One hopes that in his final moments on this earth, Harold Bloom, the famed literary critic who passed away Oct. 14, found some clarity to his relationship with his maker. Who knows, maybe he even got to ask Him or Her a few questions of his own. After all, Bloom had been doing that his entire life.
“I now regard normative Judaism as being … a very strong misreading of the Hebrew Bible, undertaken in the second century in order to meet the needs of the Jewish people in a Palestine under Roman occupation,” Bloom told The Paris Review in 1991. This was just after the publication of The Book of J, in which he postulated that “J,” the first of four writers of the Pentateuch according to modern Bible theory, was a woman.
“As we read any literary work,” Bloom wrote in The Book of J, “we necessarily create a fiction or metaphor of its author. That author is perhaps our myth, but the experience of literature partly depends on that myth. For J, we have a choice of myths, and I boisterously prefer mine to that of the biblical scholars. I will put all my cards on the reader’s desk here, face up. My J is a gevurah (‘great lady’) of post-Solomonic court circles, herself of Davidic blood, who began writing her great work in the later years of Solomon, in close rapport and exchanging influences with her good friend the Court Historian, who wrote most of what we now call 2 Samuel.”

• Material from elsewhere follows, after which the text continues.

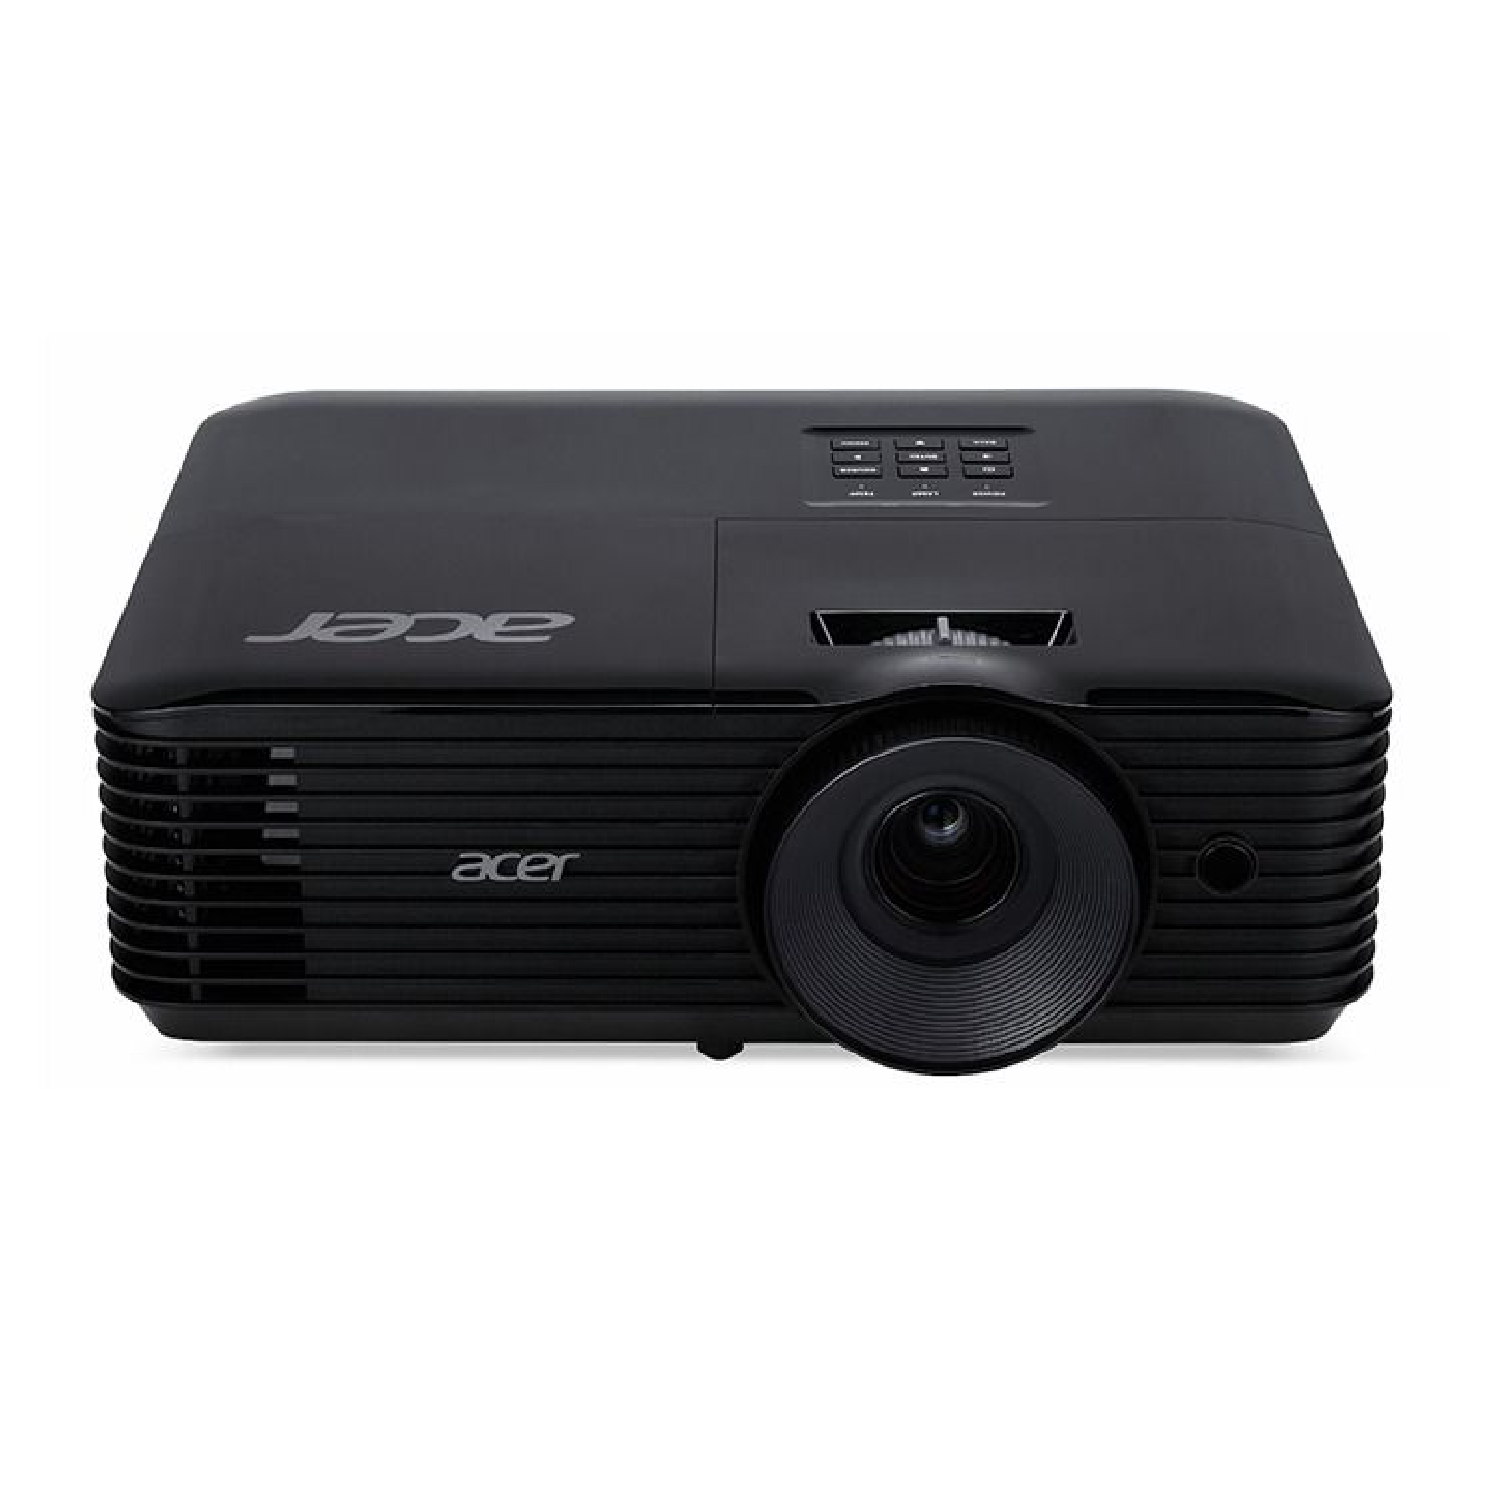 XGA Projector 4000 ANSI Lumens Normal Mode Lamp Life 6000 Hour   X1226AH acer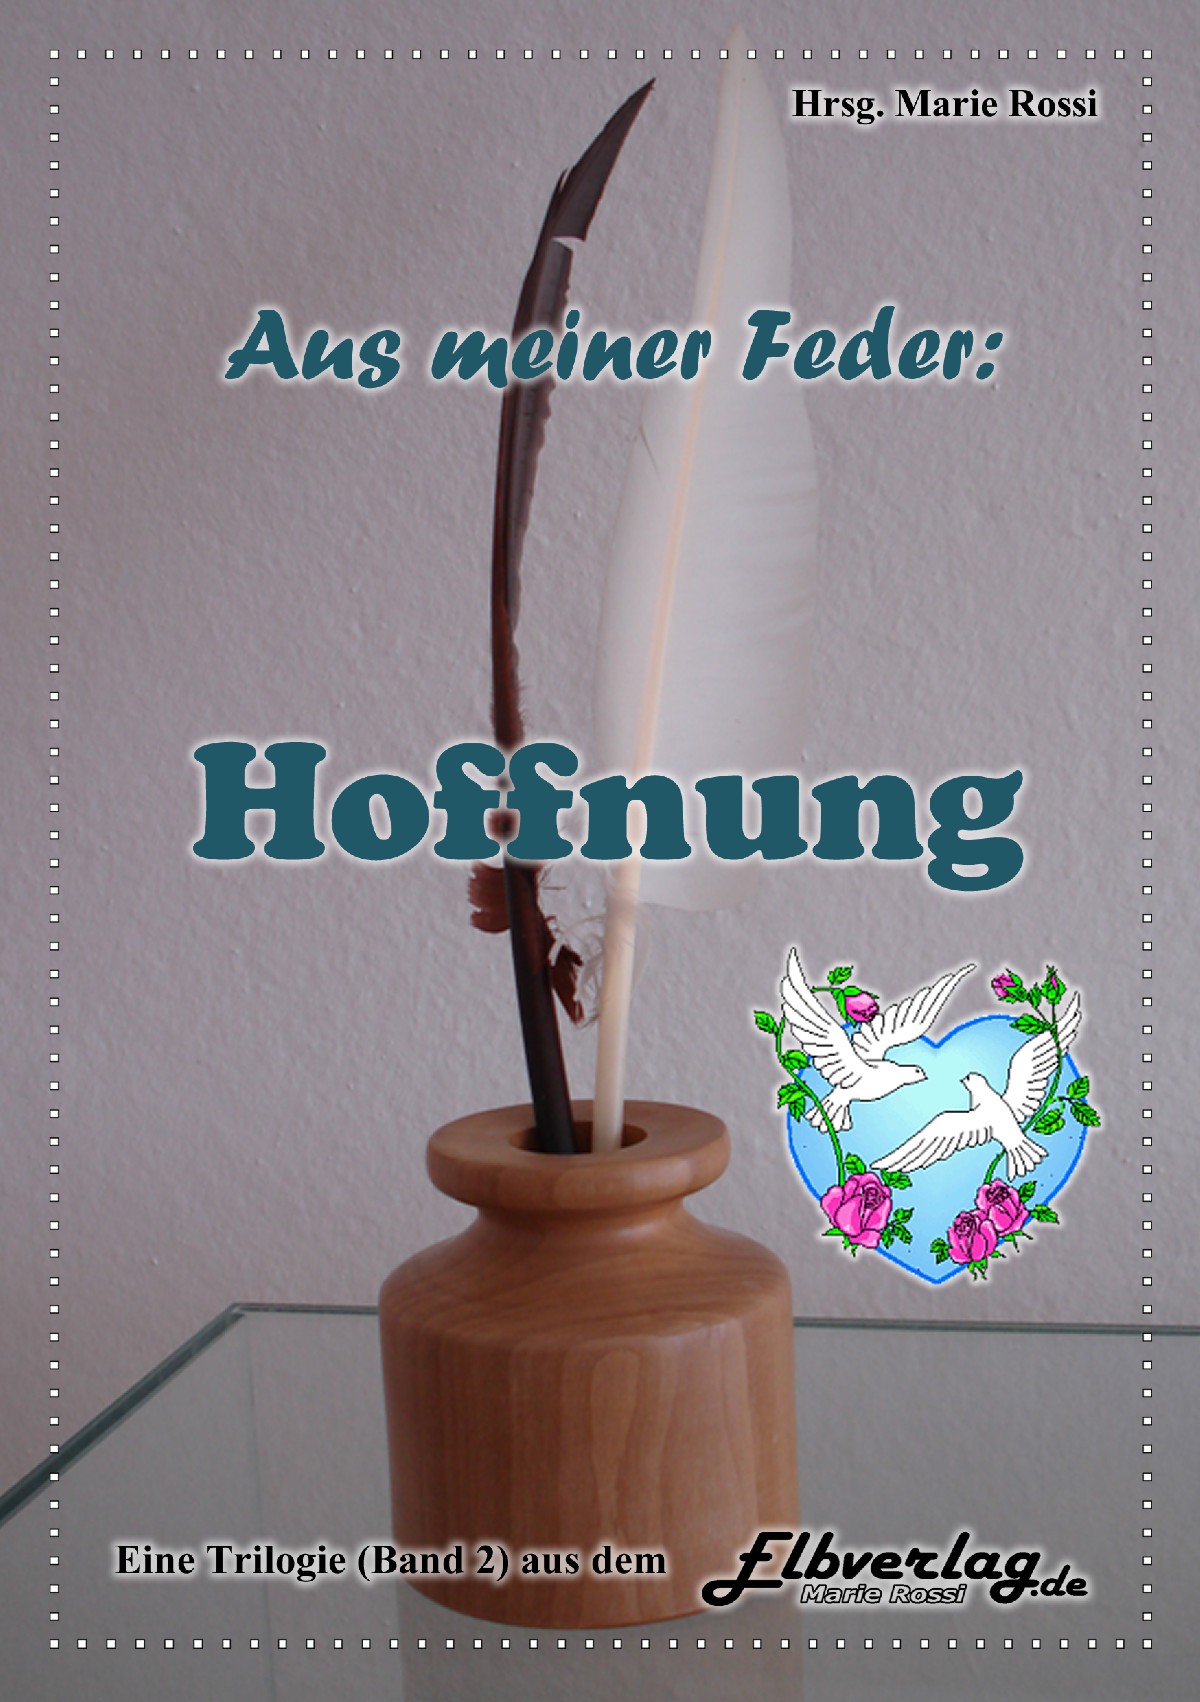 Hannelore Furch: Gesammelte Hoffnung (Gedicht). In: Aus meiner Feder: Hoffnung. Marie Rossi, Elbverlag (Hrsg). Magdeburg 2014. S. 88.

Bloom’s hypothesis was roundly dismissed by academics and Bible experts. (Criticism was also directed at his co-author, poet David Rosenberg, whose biblical translation, upon which Bloom built his argument, took many liberties with the original Hebrew.) As American professor of Hebrew and comparative literature Robert Alter, reviewing The Book of J in Commentary magazine, wrote: “One detects in (Bloom) a hidden aspiration to move from critic to heresiarch, to become the pathfinder of a Jewish way – alternately literary and Gnostic – antithetical to received religion.”
And yet, Bloom was very much in touch with his God, even if they were not necessarily on the best of terms. In his 2005 book, Jesus and Yahweh: The Names Divine, comparing and contrasting the Jewish God and the Christian one, Bloom described the former as “a human, all too human God.” It was a mystifying description, to the author most of all: “I am so conflicted on Yahweh,” he admitted, “that I can’t make any sense out of my own disagreements with myself.”
“Yahweh expects both: love where there is fear, and fear where there is love, a destructive fusion when taking place between persons, but appropriate in regard to Him alone.” (“You can encounter him in the next bush,” he added, “or he can hide himself when most needed.”)
“The permanent puzzle of Yahweh,” Bloom concluded, “is that we have no alternative to making sense of Him in human terms, and yet He transcends any terms available to us.”
Jesus and Yahweh ends on a somewhat hopeful note, with Bloom wondering of his God, “Will He yet make a covenant with us that He both can and will keep?” That question will resonate long after Bloom’s death.